These dream colleges were inevitably highly selective to elite universities which cost $65,000 to $70,000 a year! I don’t believe any college or universities is worth paying that kind of money!

My most recent blog post, which originally ran in 2014, focused on the decision of a couple in Illinois to say no to their daughter’s dream college (Northwestern University). Today I am sharing a fantastic update from the dad, who is an attorney.

If you haven’t read the original story, please do so before reading the follow-up below. Here is the first post:

Saying No to a Dream College

Success story!

Our daughter has been thriving at the University of Pittsburgh.  She is active in a number of campus activities/organizations.  Majoring in Math/Economics with a minor in Spanish, she has earned and maintained superlative grades.  Her professors are generally accessible and she enjoys campus life.

As a consequence of her full scholarship and the state of her college fund, we have money to spend on “extras” which might well be cost prohibitive under other financial circumstances.  Last summer (2016) she studied at the University of Havana (Cuba) under the auspices of a Pitt program.  Her scholarship covered tuition.  We were responsible for room/board, travel expenses and incidentals.

She loved her time in Havana and still talks about that experience.  She just now finished a semester abroad studying in Barcelona, Spain.  Again, her tuition was covered by her scholarship while we paid for R&B, travel costs and of course spending money.  Her living arrangements in Barcelona were with a local family in a residential neighborhood.  This was also an educational experience.

As with Havana, she loved Barcelona and its people.
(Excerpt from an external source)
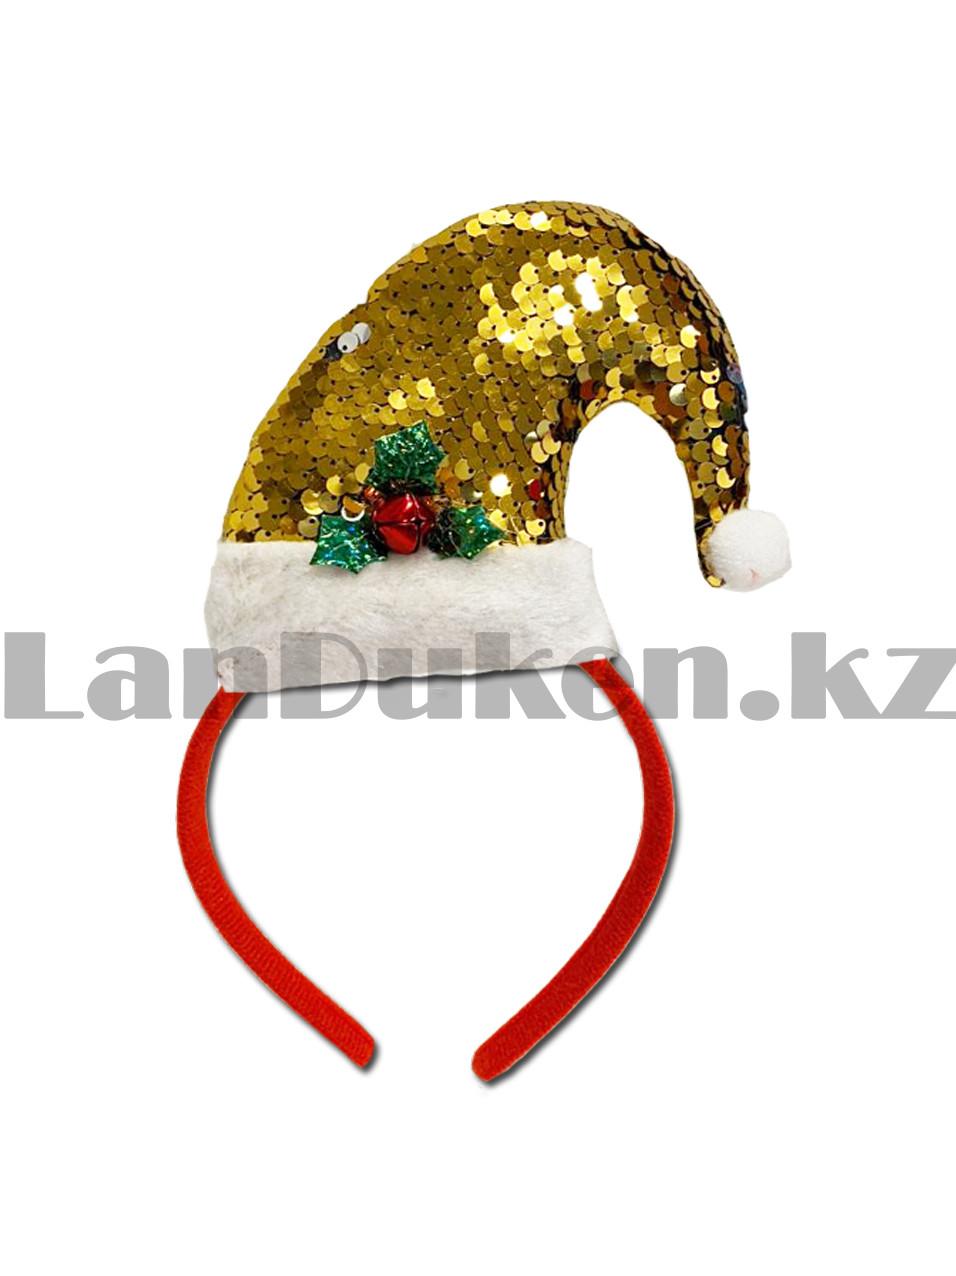 Ободок с колпаком Санта Клауса Деда мороза с пайетками детский праздничный новогодний желтая - фото 2
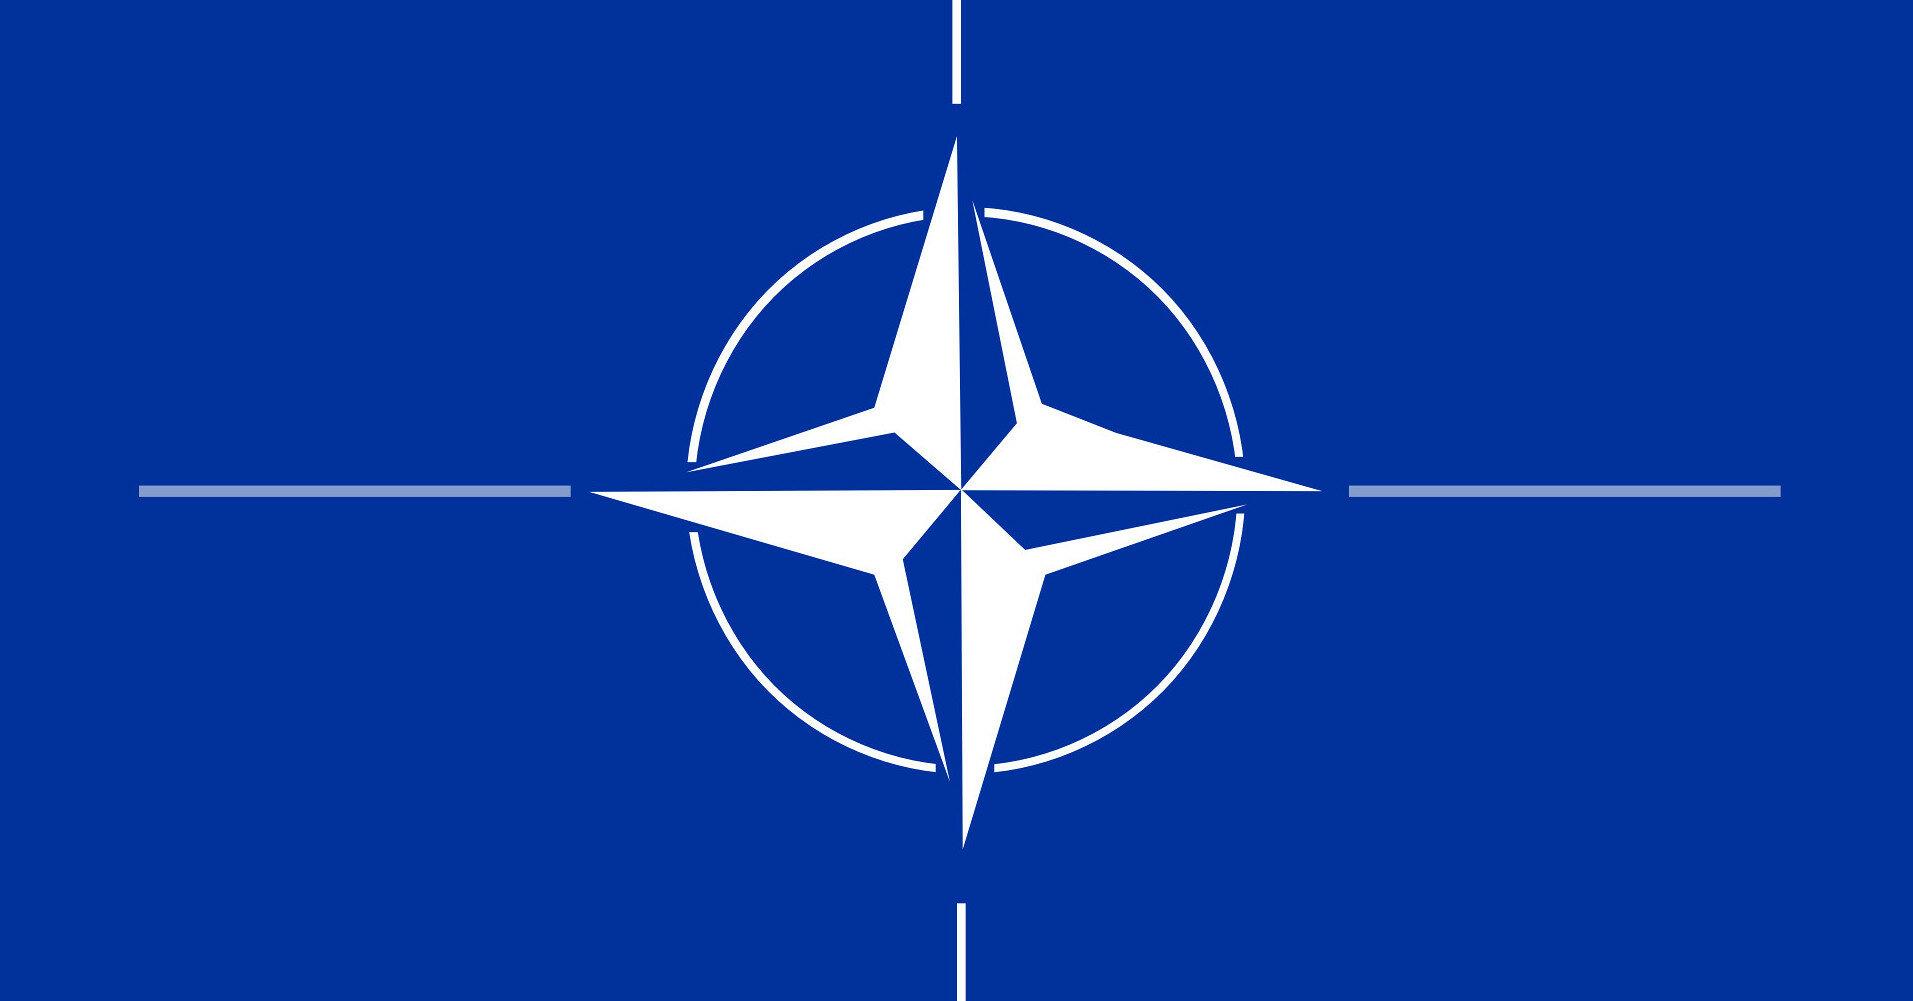 В Италии задержали группу неонацистов, которые хотели взорвать базу НАТО

We flew to Barcelona last week when her classes concluded. The three of us spent a week in the city with our daughter serving as tour guide.  It was quite something for me to see her interacting with the locals utilizing her fluent Spanish.

While in Spain, she had the opportunity to take side trips to many other European cities including Berlin, Amsterdam, Paris, Lisbon, Dublin and London.  From our perspective this is yet another and unique type of educational experience.

Saying yes to college extras

Without any hesitation, we have been able to say “yes” to all of her requests to study and travel abroad since we have plenty of money in her college fund to cover all costs related to same.  If she had attended another school in the absence of a scholarship, her entire college fund would likely have gone to satisfy tuition.  Under those circumstances, study abroad would have been financially difficult.  Absent the scholarship, I don’t think she would have had the opportunity to study and live in both Havana and Barcelona.

Top-drawer education

Our daughter is receiving a top drawer education.  Pitt offers a “Bachelor of Philosophy” undergraduate degree in addition to the B.A. and B.S.  As I understand it, the B.Phil. requires maintaining a 3.5 GPA in addition to a major research paper (along with other requirements).  Our daughter is pursuing that degree.  In that regard, she has an additional academic concentration in “Global Studies.”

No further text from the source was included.